PostPosted: Sat Jan 28, 2006 7:07 pm    Post subject: Reply with quote

Do we have an opinion on whether some solutions are more "elegant" than others? If so, I submit the following:

It is fairly easy to get to the following position. Along the way you have to identify a triplet <357> in block 5.

Code:

4 1  8    7  23 236   39 5 369
5 9  2    4   1  36    7 8  36
6 7  3    5   9   8    2 4   1

3 4  5  289  28   1   89 6   7
1 6 79   89   4  37  389 2   5
8 2 79    6  35 357    4 1  39

2 5  4    3   6   9    1 7   8
9 8  6    1   7   4    5 3   2
7 3  1   28 258  25    6 9   4


Now, there is a rectangle in rows 1 and 2, but it is not very useful. Here is the explanation:

"Squares R2C6, R2C9, R1C6 and R1C9 form a Type-4B Unique Rectangle on <36>. Because they share two rows, two columns, and two blocks, if they all had possibilities <36> then the puzzle would have two solutions; you could simply exchange the <3>s with the <6>s in the squares to get the other solution, and their common rows, columns and blocks would still contain one of each value. If you look carefully, you'll see that the only squares in row 1 that can contain <6> are the "roof" squares -- R1C6 and R1C9. Since one of these squares must be <6>, the only way to avoid the "deadly pattern" is if neither of them can contain <3>."
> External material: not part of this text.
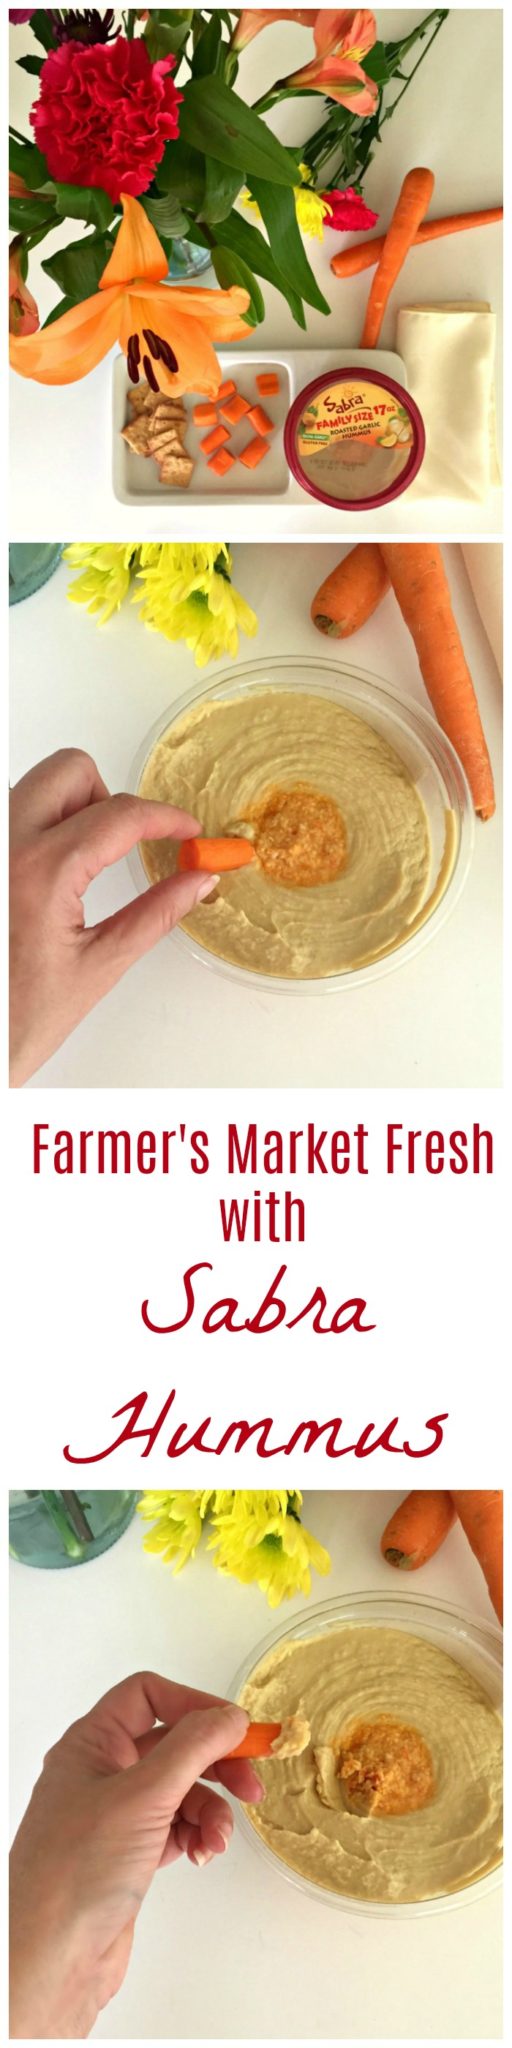 Sabra hummus with Farmer's Market Fresh vegetables #walmartfarmersmarket

Much more useful is the loop comprising R1C5 <23>, R1C7 <39>, R4C7 <89>, and R4C5 <28>. The solution in these four cells is either
Code:

2  3
8  9

or

3  9
2  8

So, we can clear the remaining possibilities of <3> in R1, <9> in C7, <8> in R4, and <2> in C5>.

Now, every unsolved square has two possibilities, except R6C6 is <357>. This is a BUG, and R6C6 must be <3>, which solves the puzzle. Here is a fuller explanation:

" In a BUG pattern, in each row, column and block, each unsolved possibility appears exactly twice. Such a pattern either has 0 or 2 solutions, so it cannot be part of a valid Sudoku." In other words, R6C6 cannot be <57> if the puzzle has a single, unique solution.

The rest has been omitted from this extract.